Showing posts with label health. Show all posts
Showing posts with label health. Show all posts

Sunday, 23 January 2011

Fitness: New Year = New Diet.......

So, if anyone out there is actually reading any of this, you may have noticed that I stopped posting about CAD. There is a reason for this: it stopped working so I started eating crap again.
Apparently, such extreme (in my opinion) dieting does not agree with me mentally or physically so once I'd got the Christmas crapfest out of my system I set about researching/remembering what had worked before.

At the end of 2008 I embarked on a basic healthy eating plan that enabled me to lose weight during a month that contains both my birthday and Christmas. There was no magic bullet, just simple healthy meals three times a day with the option to be a little less controlled on weekends or special occasions, combined with regular exercise in the form of DVDs.

That's it.

Unfortunately, I developed a frozen shoulder at the end of January and the result was a fear of working out in case it happened again (trust me, that is a valid fear it is bloody awful pain) and lots of comfort eating.

The year went downhill from there.


Anyway, I had a bit of a wake up call a couple of weeks ago and just thought "I have to change this now" so I did.
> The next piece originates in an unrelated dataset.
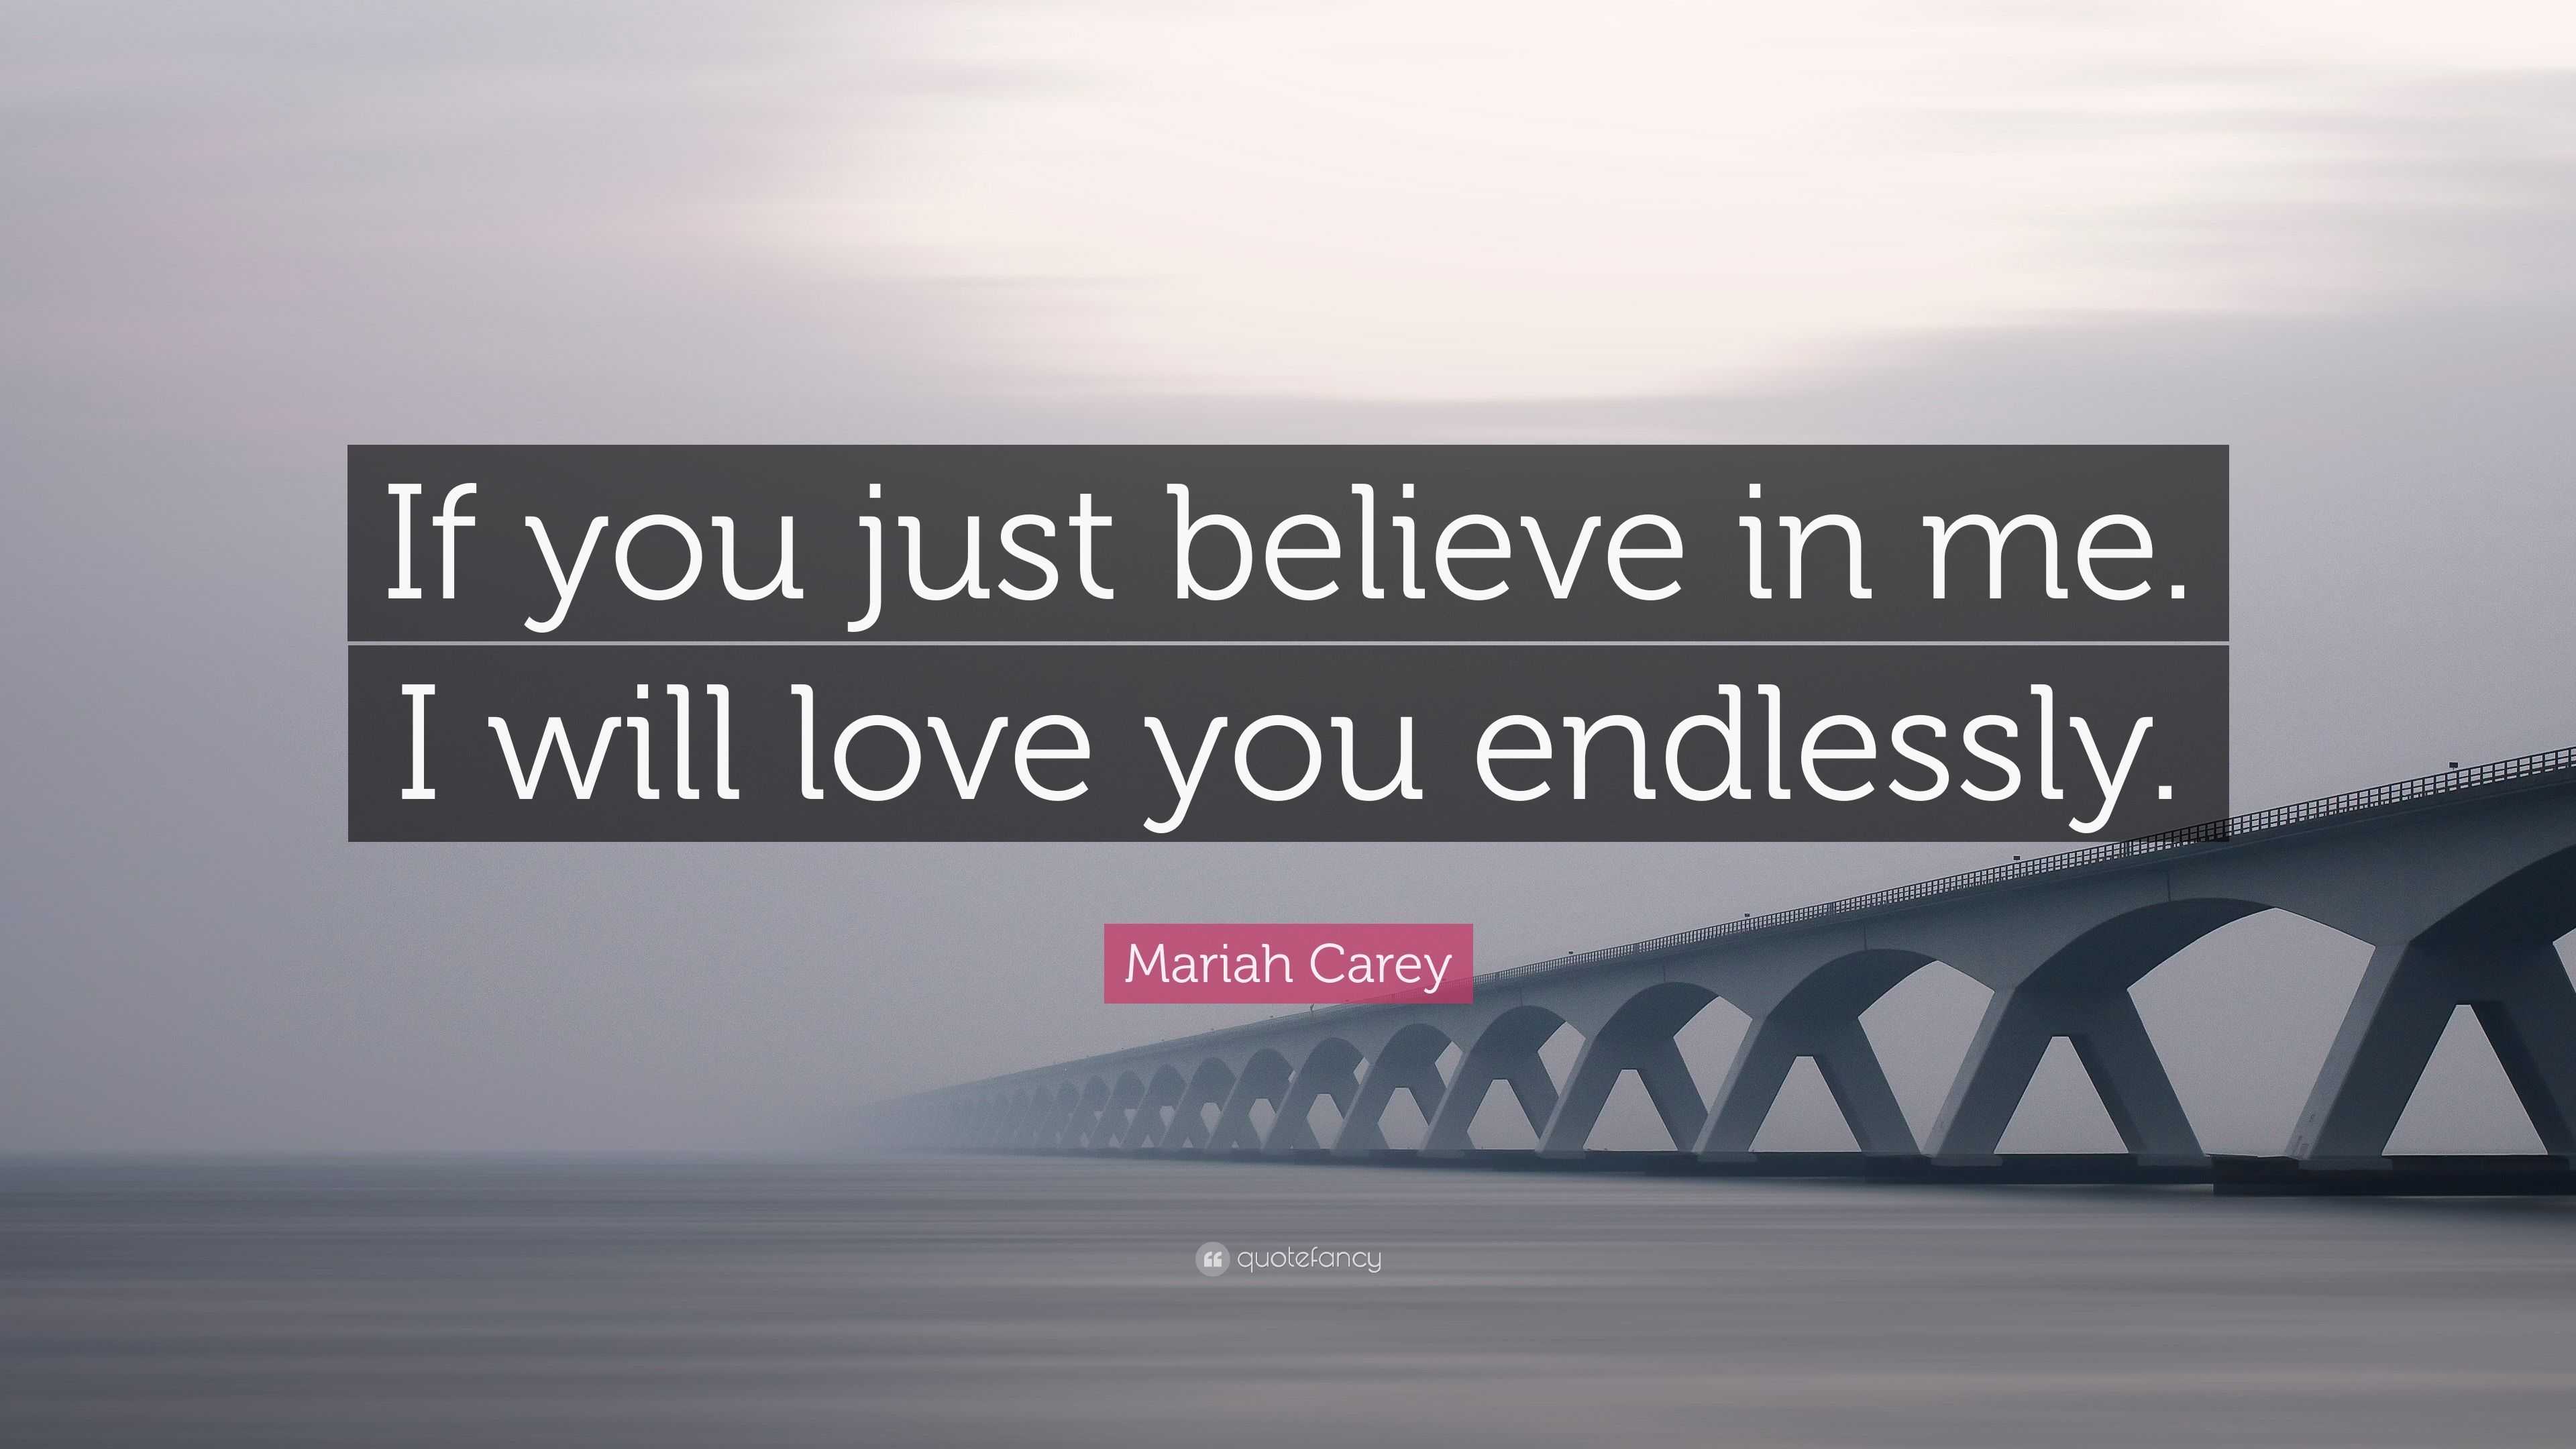 Mariah Carey Quote: "If you just believe in me. I will love you endlessly." (7 wallpapers ...

I had a bit of a blowout last weekend and on Monday I started again.
This is what I have been doing for the past week:

WORKOUT:
I am re-testing the Body Doctor routine. I used this routine in 2003 and got good results but I was pretty much starving myself at the time so I am interested to see what happens when I eat in a sustainable way.
here is how I used it this week:

MON: Davina Body Buff warm up (10 min), Body Doctor weights routine, Davina Body Buff Cardio + Yoga cool down.

WED:Same warm up, BD(Body Doctor), Davina Body Buff Boxing + cool down.

FRI: Natalie Cassidy Warm Up (10 min), BD, Natalie Cassidy Sweat (15 min) + Punch (15 min), Davina cool down.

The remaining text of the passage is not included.